It's not as if we are going to wake up one morning and every single psd or raw file in the world suddenly can't be read. Nor as if all of a sudden Photoshop won't run. If there is going to be a format or media problem it will start to appear a long way in advance, and we will all have plenty of time to convert our stored images to whatever is taking over.
I guess you worry also about all that data of yours stored in proprietary formats in databases across the world..
Yes and no. A friend of mine who works in autocad told me about one upgrade where yes, you could open old files, but how on some file, the new version made tiny little changes. For example, a thin dotted line might be a very thin but solid line. Maybe doesn't sound like much, but if you use autocad to design aircraft engines or nuclear reactors...
The other thing too - and I mean absolutely no disrespect to anyone here - but for "old farts" like myself who have been into computers since the days of 300 baud modems where you plugged the black handset into a foam lined base, I've heard these things said over and over and over, and I now tend to believe them just as much as I believe a promise from a politician (any political party
).
Don't get me wrong, I use digital and digital techniques every day of my life, but from an archivist point of view, not just our electronic media, but issues with our hard copy media, many of us wonder just how much of our history will survive say even a hundred years from now.
Back to prints, I love visiting both public and private galleries, photography, sculpture, art of any form. I do find, as an overall trend, but not always, that the phrases used to describe photographic prints is becoming more grandiose and obtuse. Not just digital either - last "traditional" B&W print that came from a wet darkroom I saw in a gallery had some long rambling phrase I forget now about "silver rich" - blah, blah, blah. Nobody is innocent here.
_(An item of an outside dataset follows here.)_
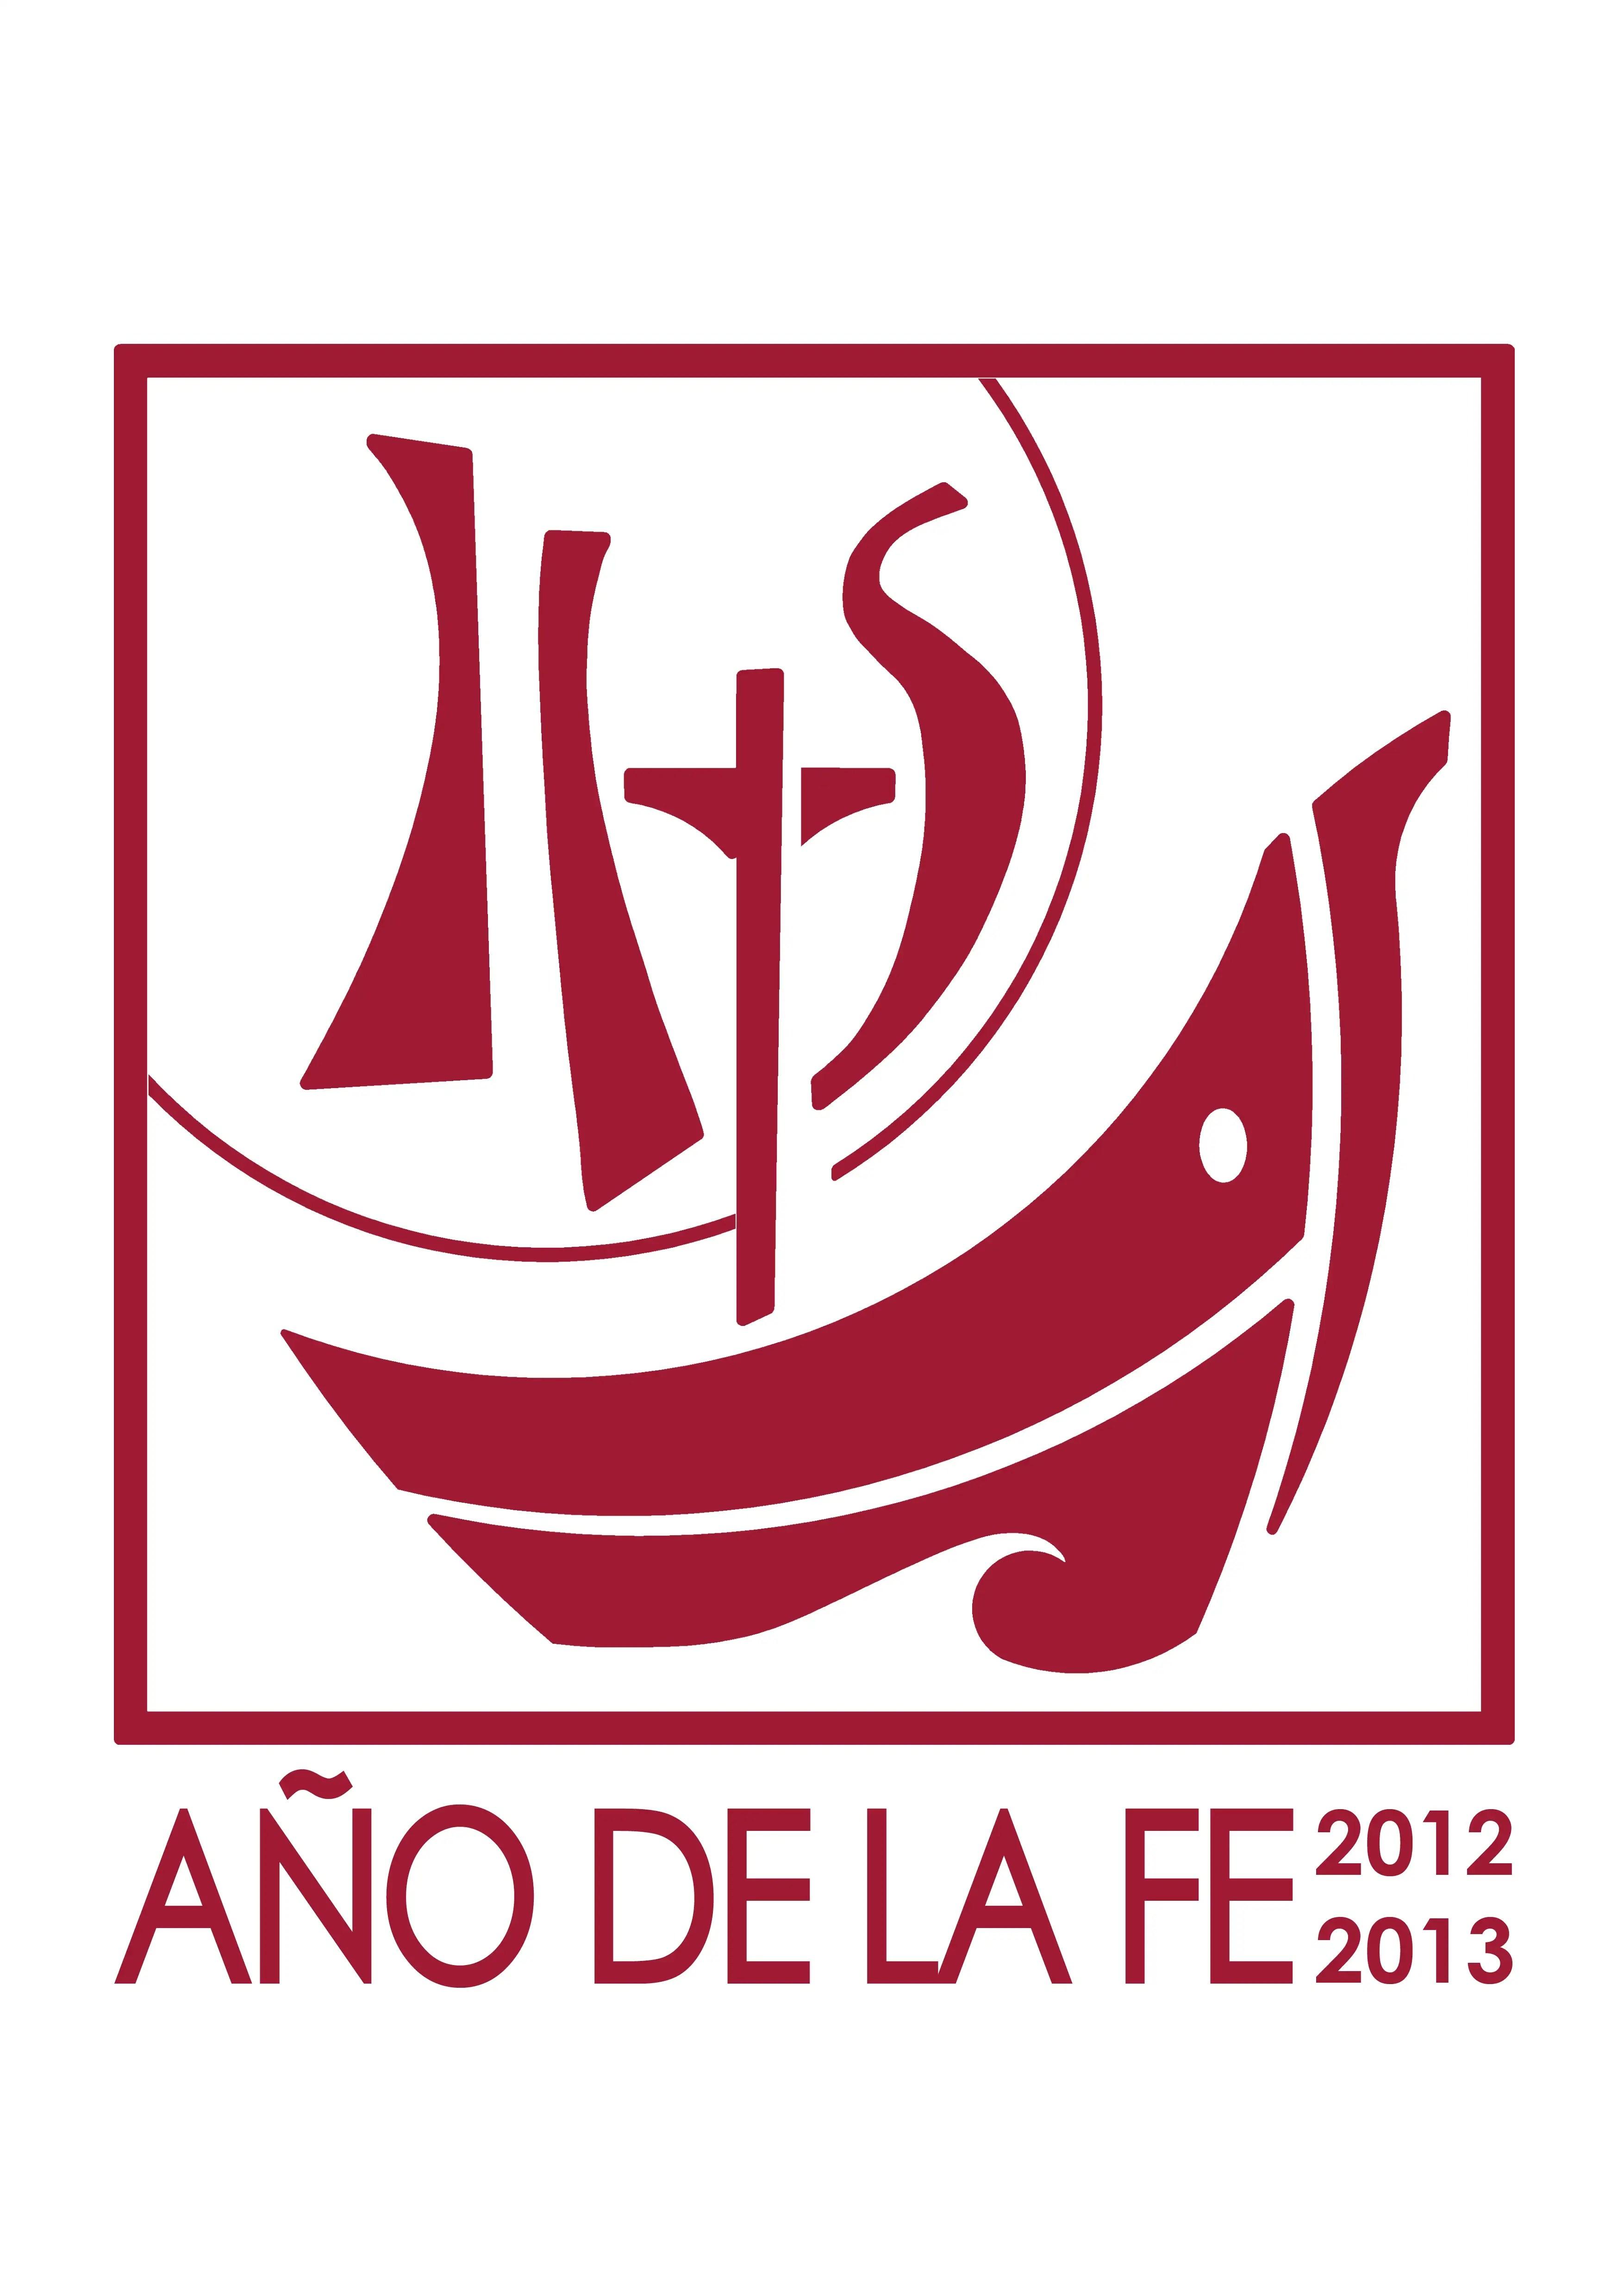 https://i2.wp.com/www.aciprensa.com/anodelafe/logoanodelafe.jpg

Last thought - whether you can make a platinum print by hand or on a printer is missing the point. One thing about ALL art forms - not just photography - be it wood carving, oil painting, photography, whatever, the process of how you make your print or your art affect the final outcome just as much as the media you use. For example, I remember a wood carver telling me how he used to do soapstone, but he liked wood better because of the smell of the wood he was carving and he thought it affect how he "saw" his final product before he finished. By the same token, I dislike the smell of fixer, but the very smell of that chemistry, and the dark silence of my wet darkroom puts me in a very different mindset than when I am sitting in front of my monitor editing a photograph in photoshop. One is not better or worse than another, but you must pay attention to how your media and surroundings affect your mood and the final image in your mind's eye. IMO, that is the most important difference, and for each person, you will have to try and experiment until you find the medium that "clicks" for you. Even then, you may find that keeping a hand in other mediums helps keep your edge alive.